■ What needs to be done:
Print the records below exactly, from the line containing "Class 9 Social" down to the line containing "Are you new", both lines included, and omit every picture.

■ Record excerpts:
⁂
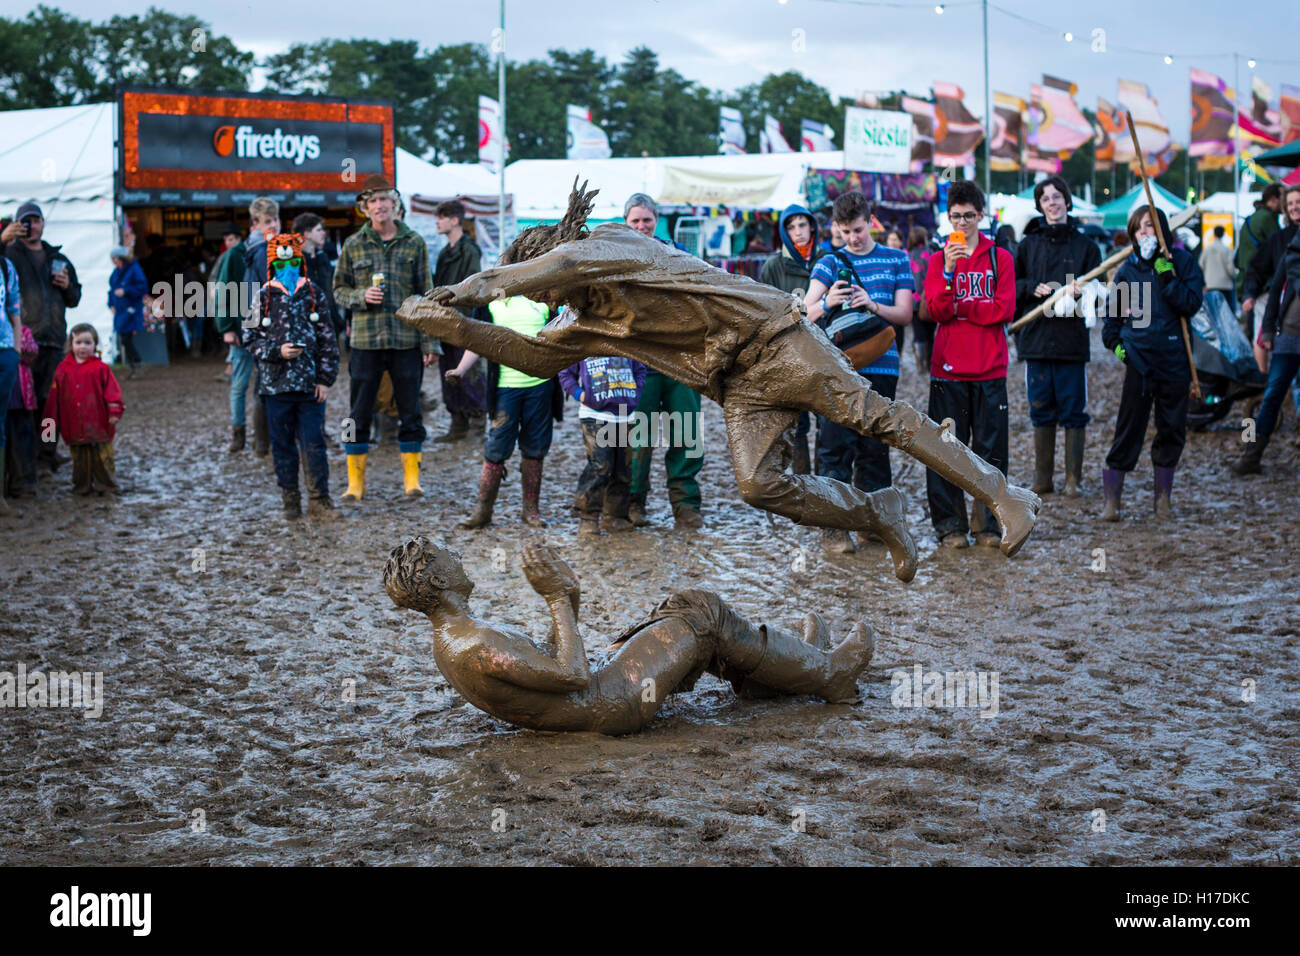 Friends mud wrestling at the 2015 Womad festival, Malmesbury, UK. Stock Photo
⁂
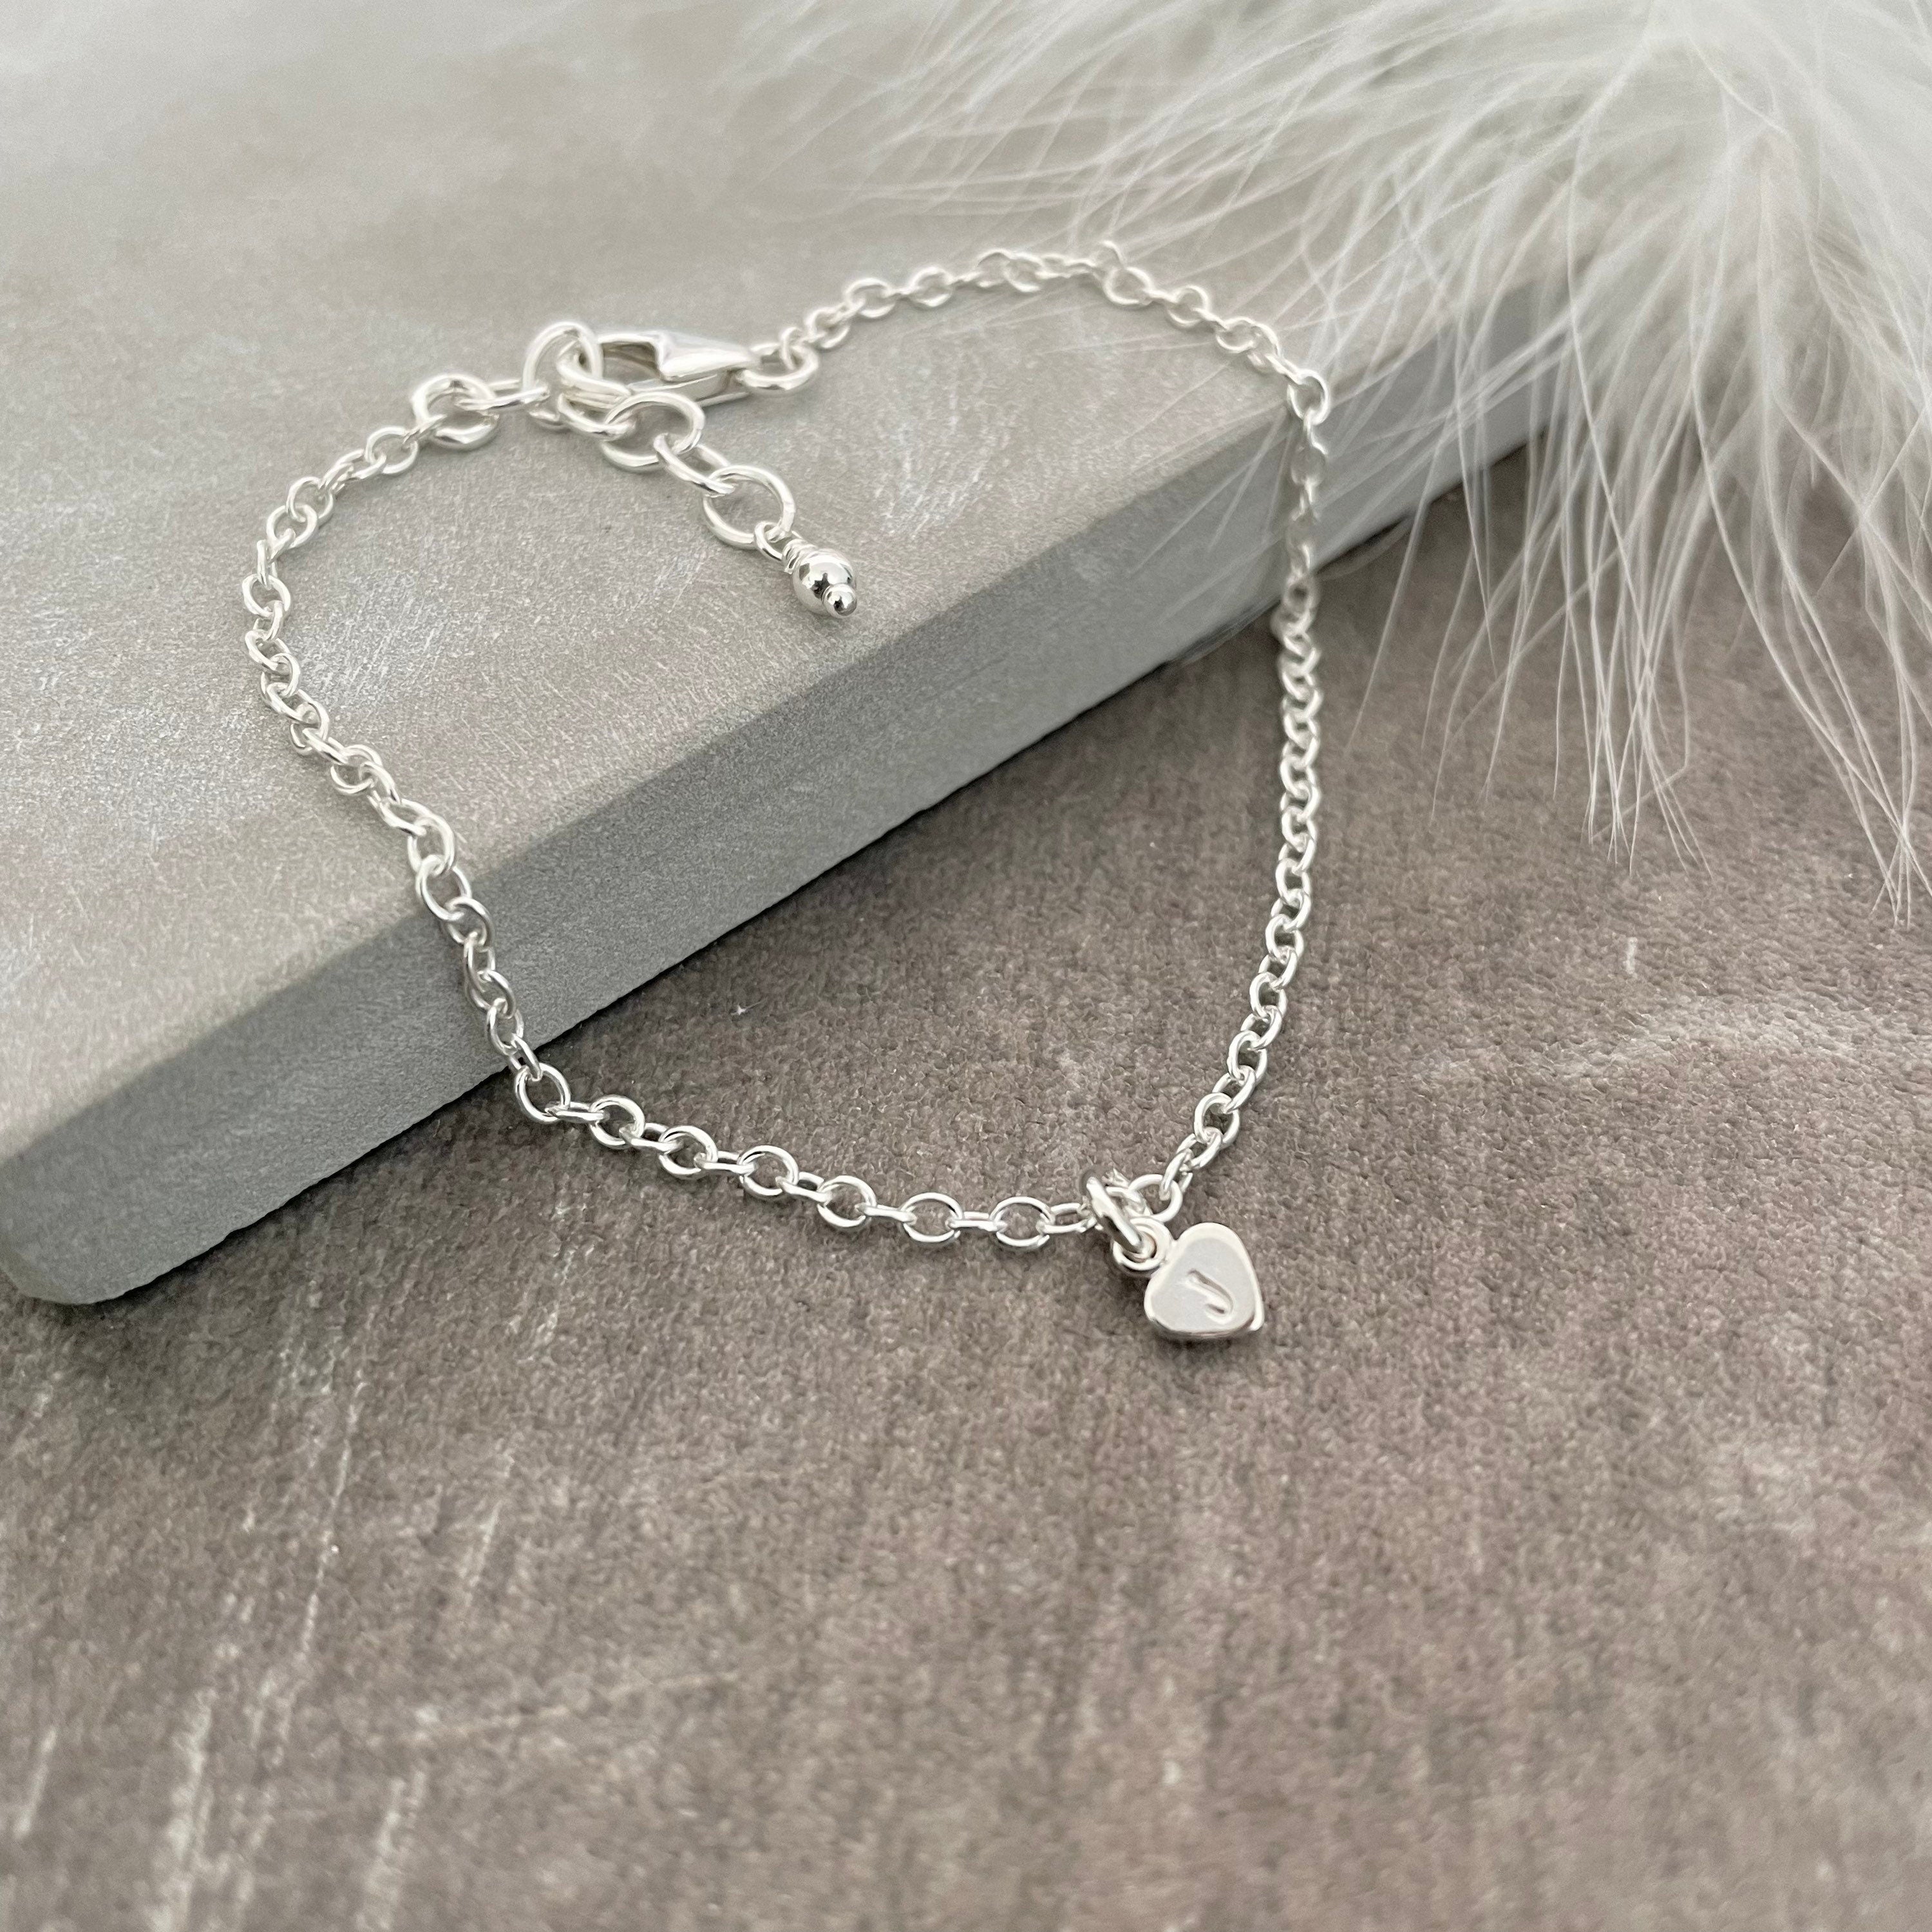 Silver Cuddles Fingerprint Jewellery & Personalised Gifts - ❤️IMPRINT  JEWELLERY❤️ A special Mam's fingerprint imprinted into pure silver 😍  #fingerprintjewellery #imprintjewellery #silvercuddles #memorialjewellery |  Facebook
⁂
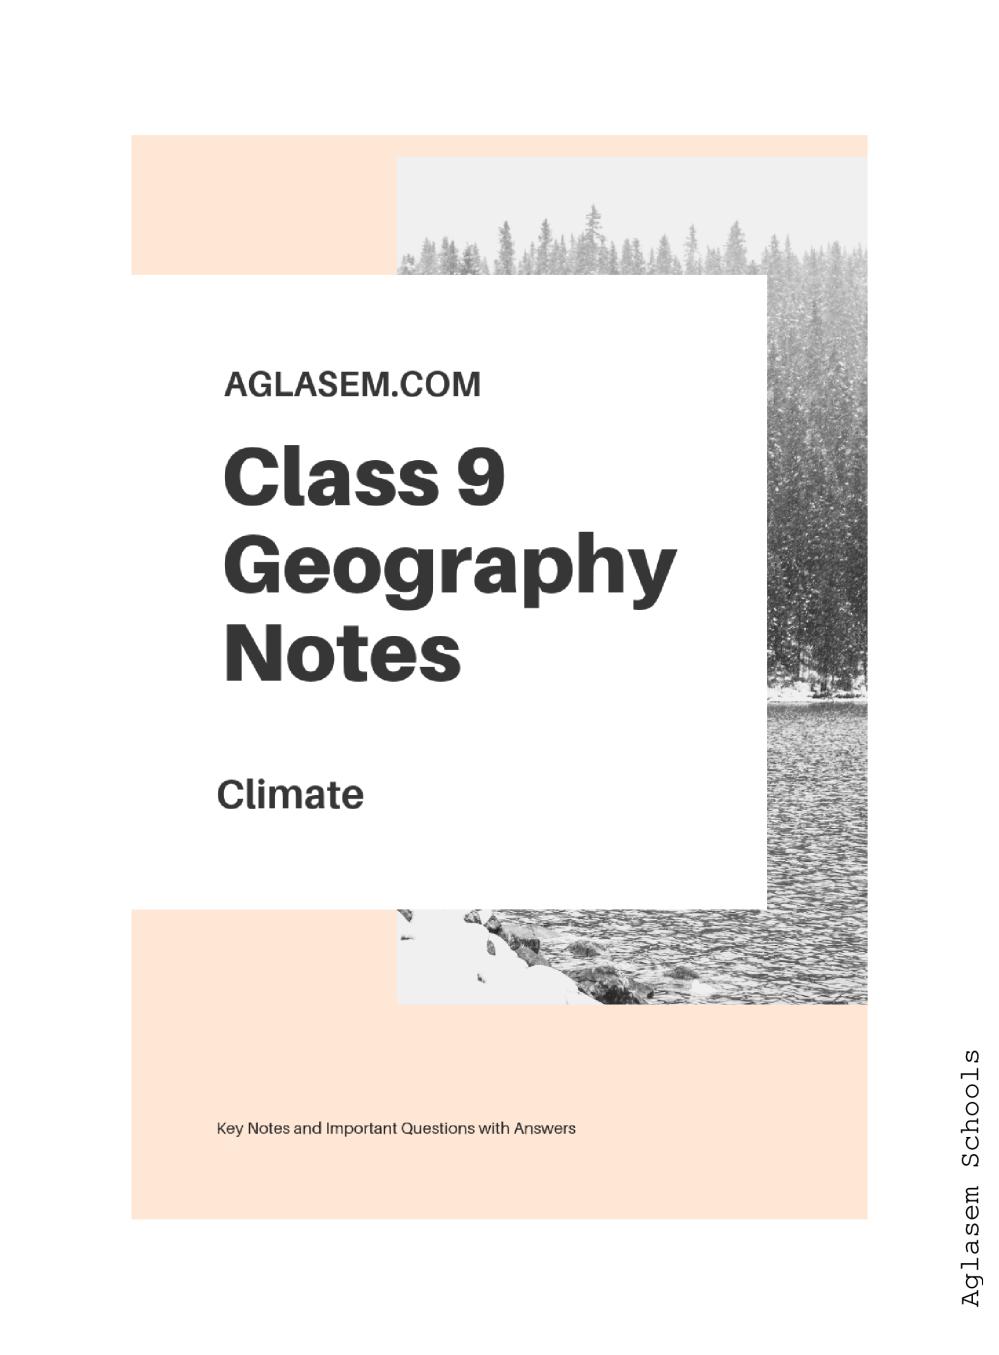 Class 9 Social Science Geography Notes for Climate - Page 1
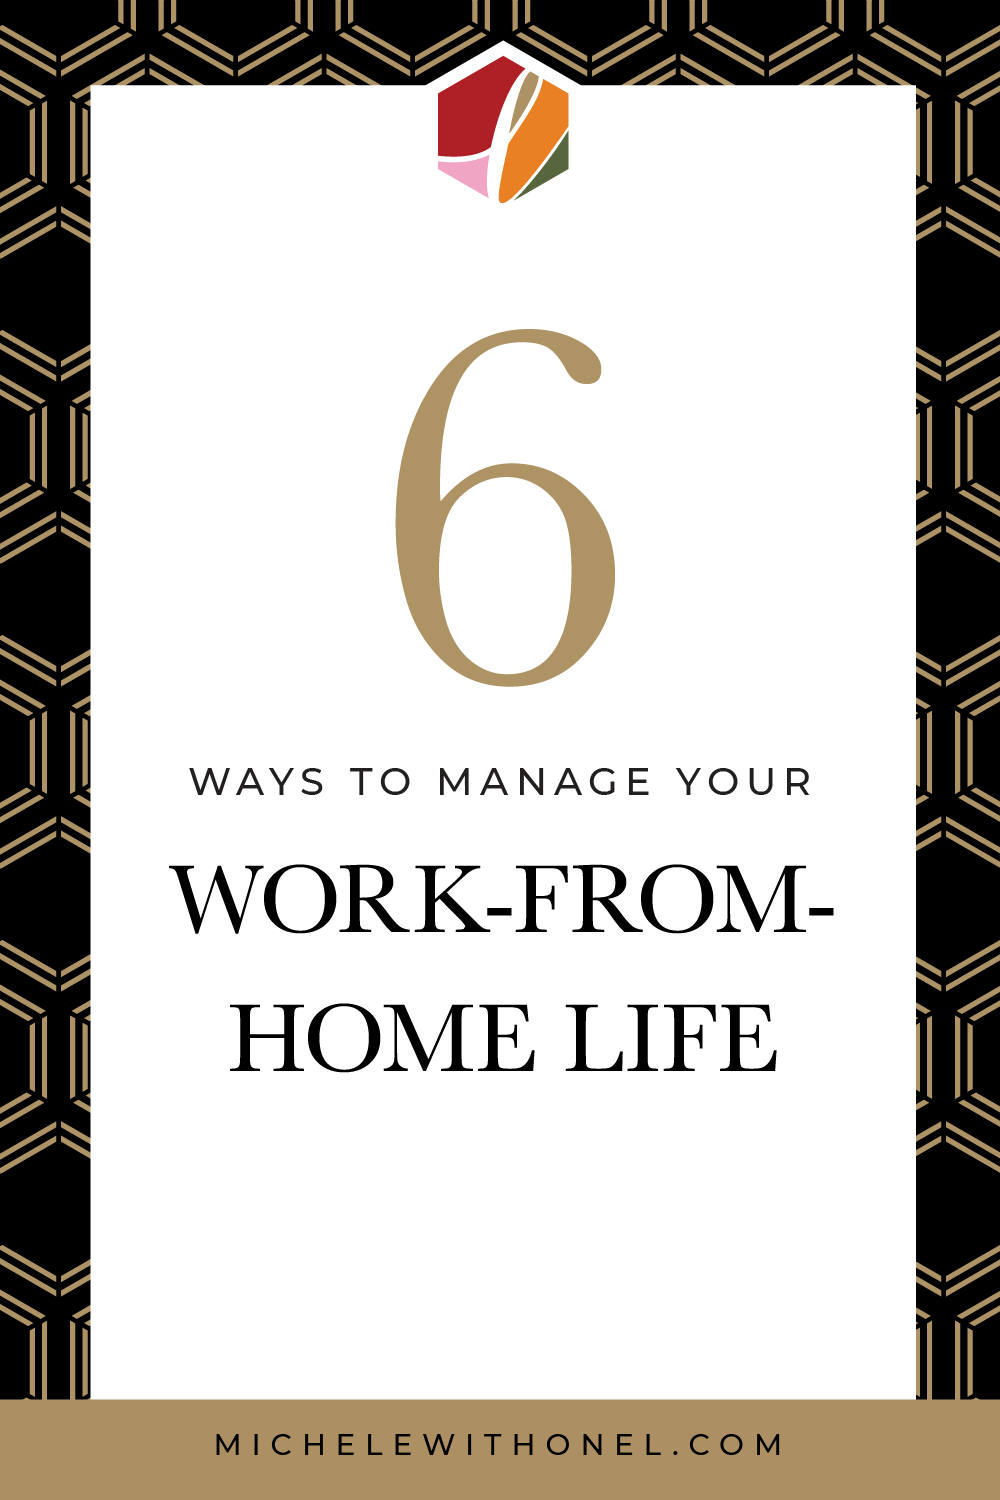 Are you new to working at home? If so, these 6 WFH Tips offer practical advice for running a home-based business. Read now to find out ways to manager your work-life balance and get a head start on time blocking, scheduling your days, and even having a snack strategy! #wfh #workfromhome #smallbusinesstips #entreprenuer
⁂
■ Response box:
 Class 9 Social Science Geography Notes for Climate - Page 1
 Are you new to working at home? If so, these 6 WFH Tips offer practical advice for running a home-based business. Read now to find out ways to manager your work-life balance and get a head start on time blocking, scheduling your days, and even having a snack strategy! #wfh #workfromhome #smallbusinesstips #entreprenuer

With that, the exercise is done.